▸ **Goal of the exercise**: Without changing a word, repeat the data, and include no pictures.

▸ **Given data**:
[Start of Attachment]
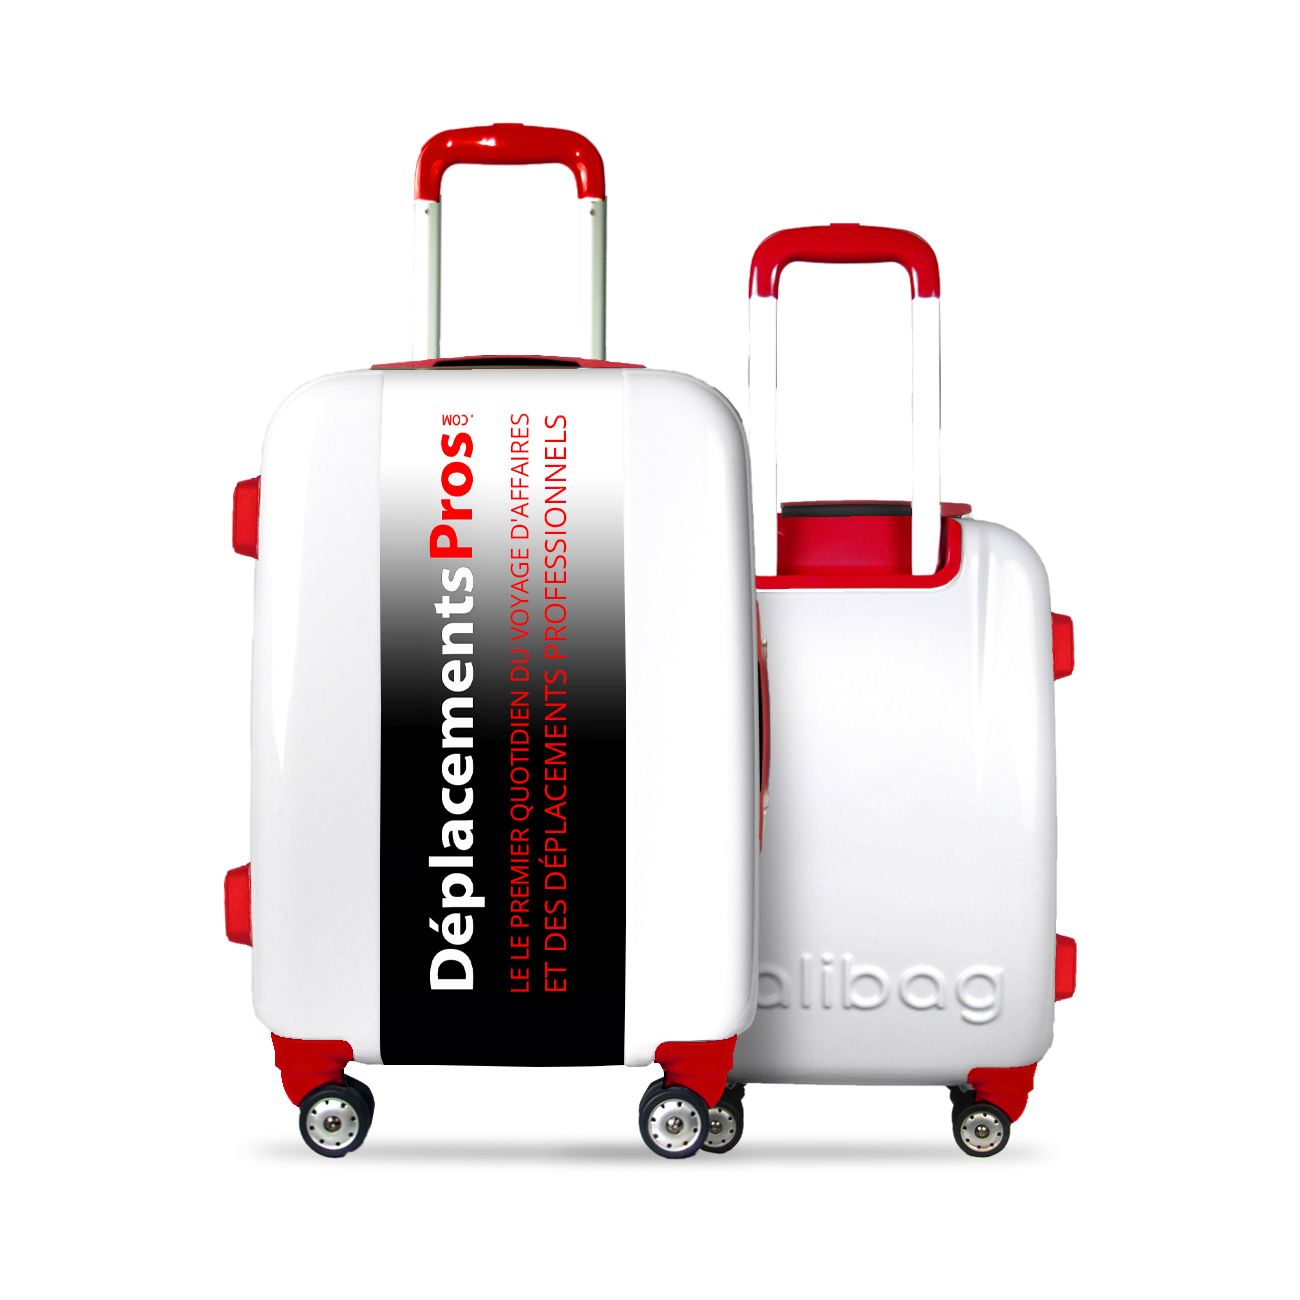 Offrez une valise personnalisée à vos voyageurs d’affaires
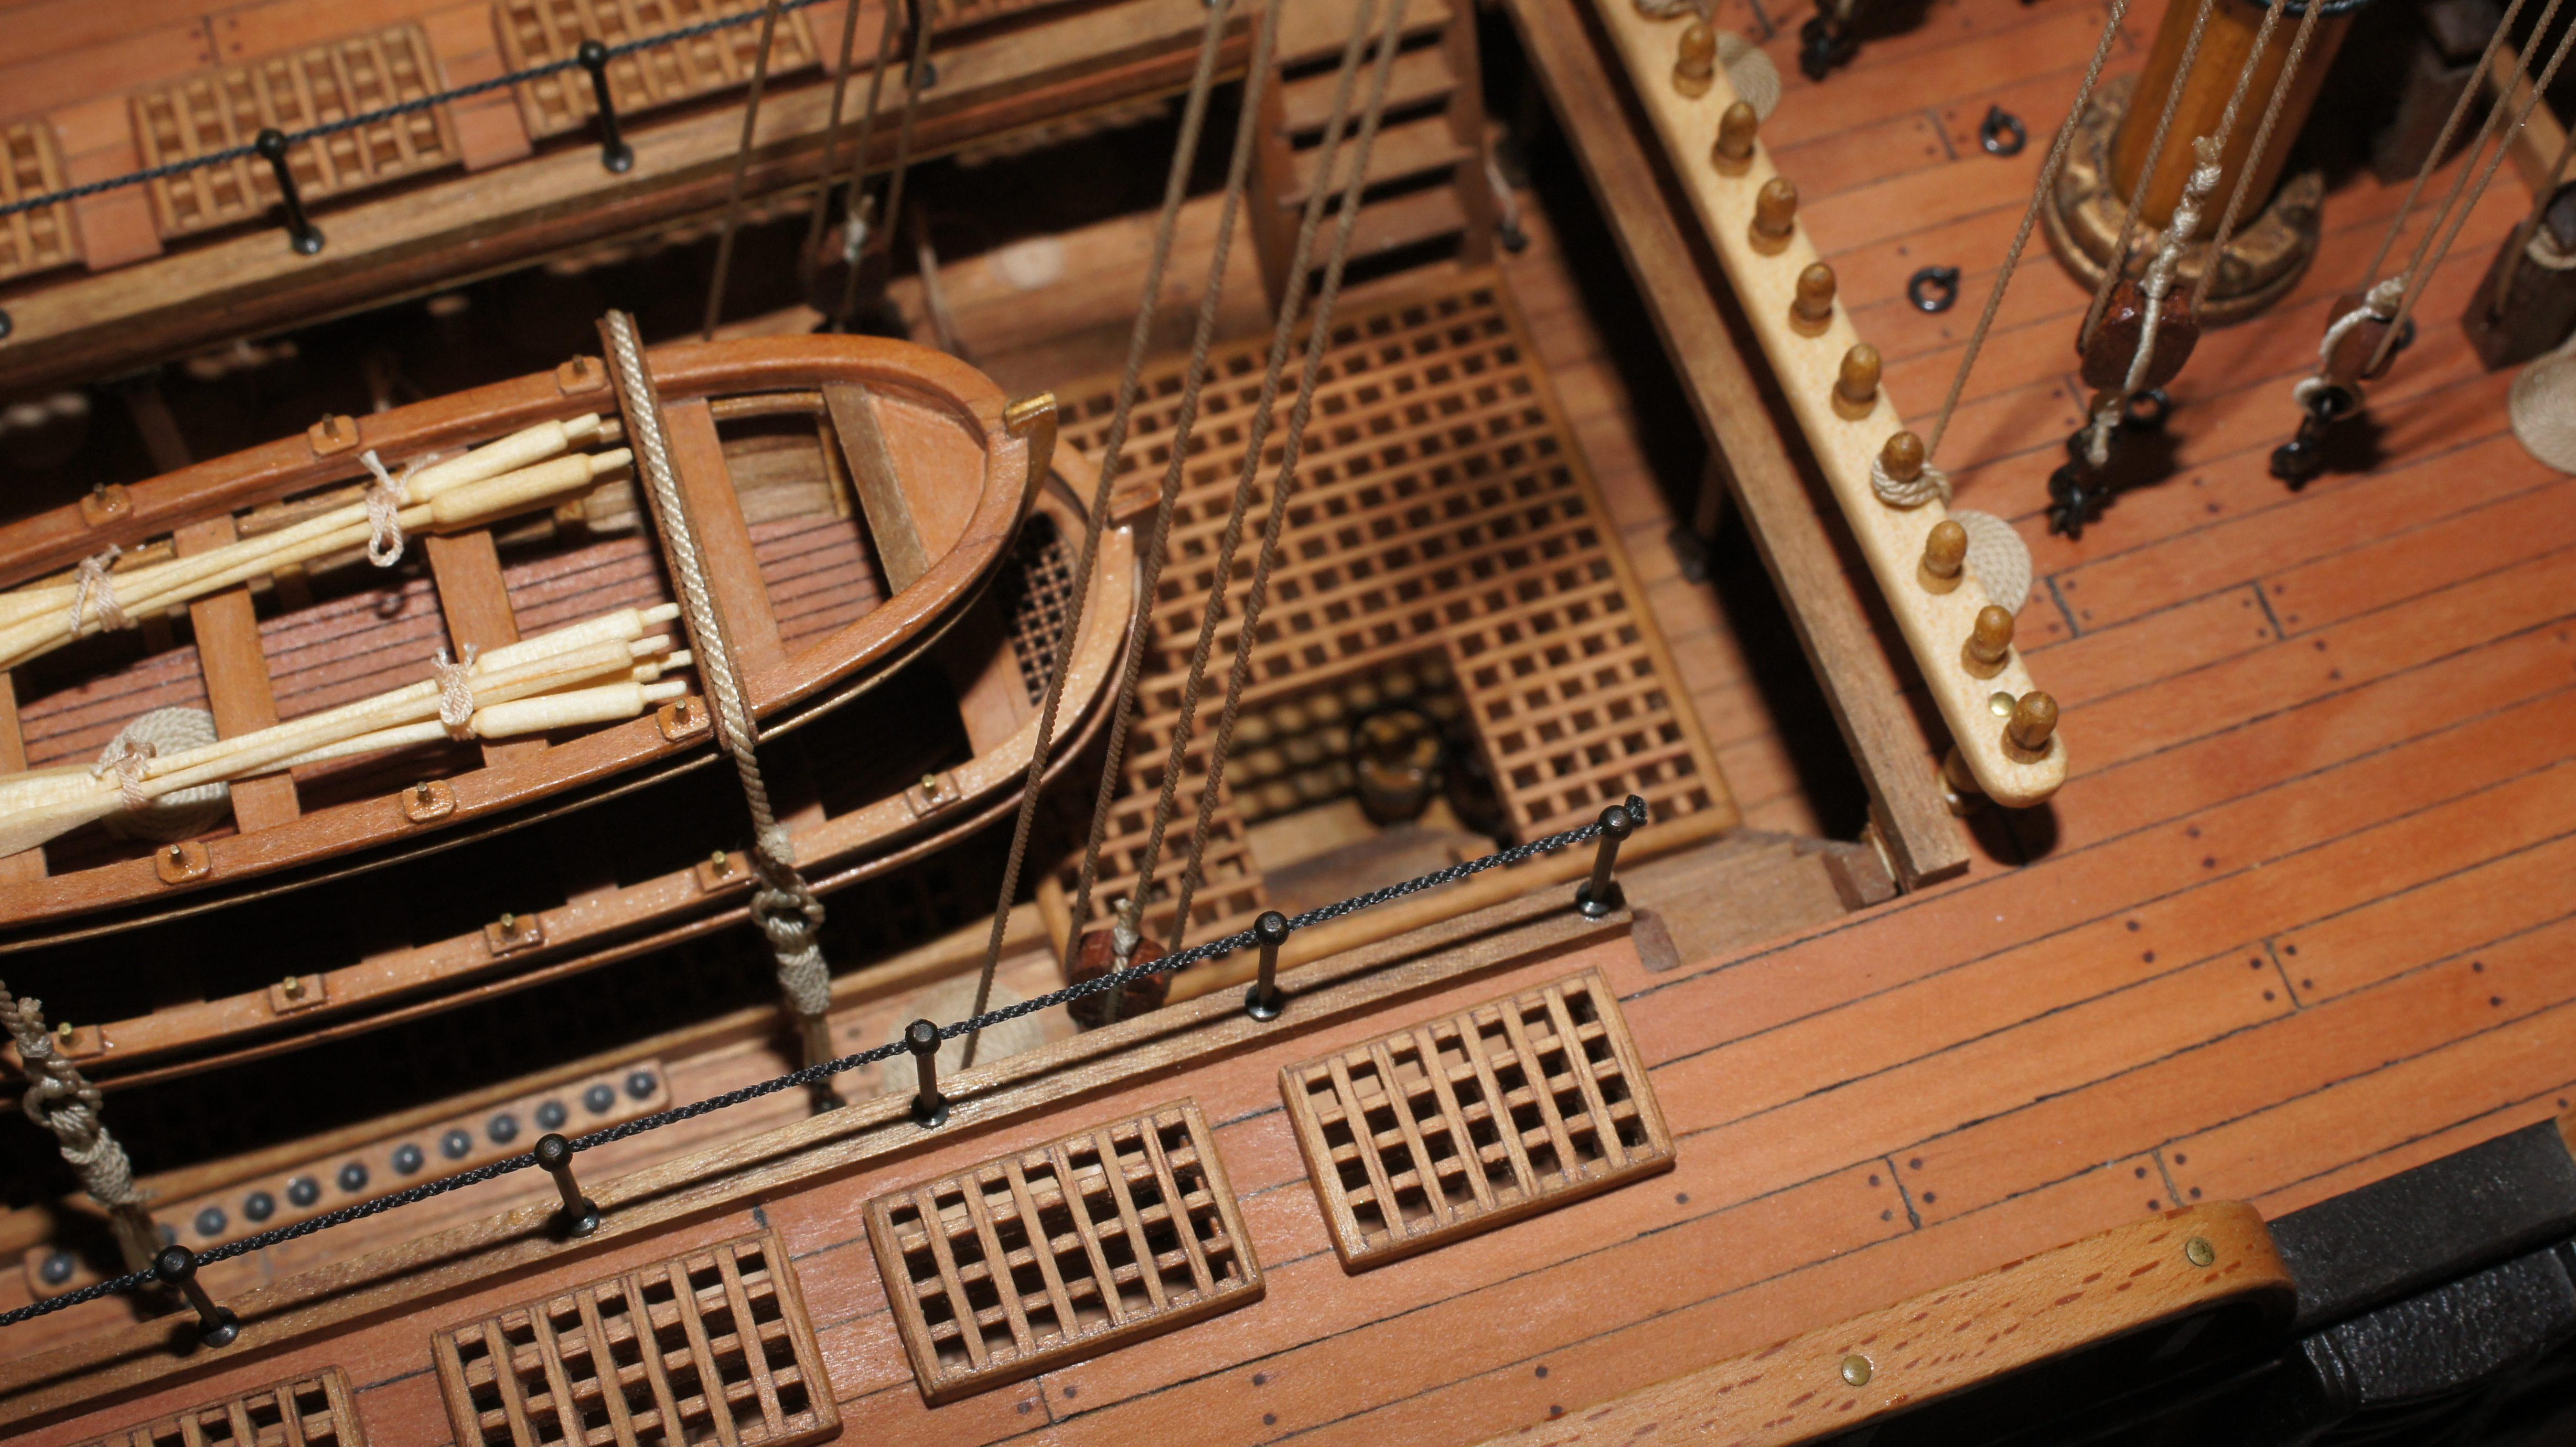 Основание палубы. Двенадцать апостолов линейный корабль, 1841. HMS Victory 1765 каюта капитана. Модель корабля Sirene масштаб 1:75. HMS Victory 1765 внутри.
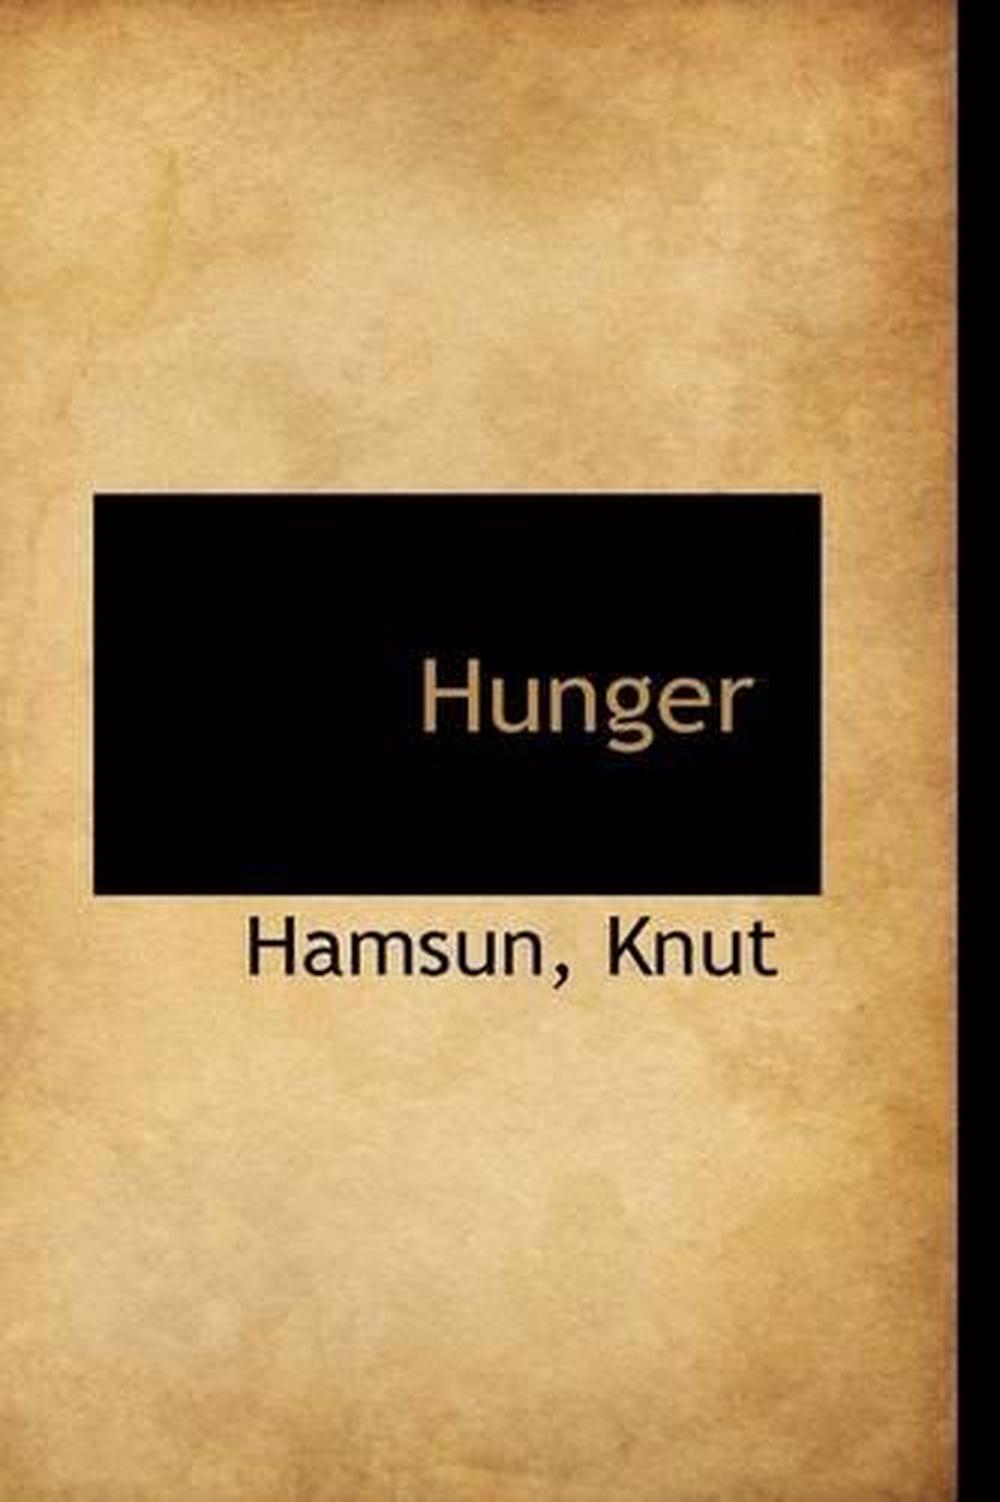 hunger book knut
[End of Attachment]
▸ **Response to the task**:
 Offrez une valise personnalisée à vos voyageurs d’affaires
 Основание палубы. Двенадцать апостолов линейный корабль, 1841. HMS Victory 1765 каюта капитана. Модель корабля Sirene масштаб 1:75. HMS Victory 1765 внутри.
 hunger book knut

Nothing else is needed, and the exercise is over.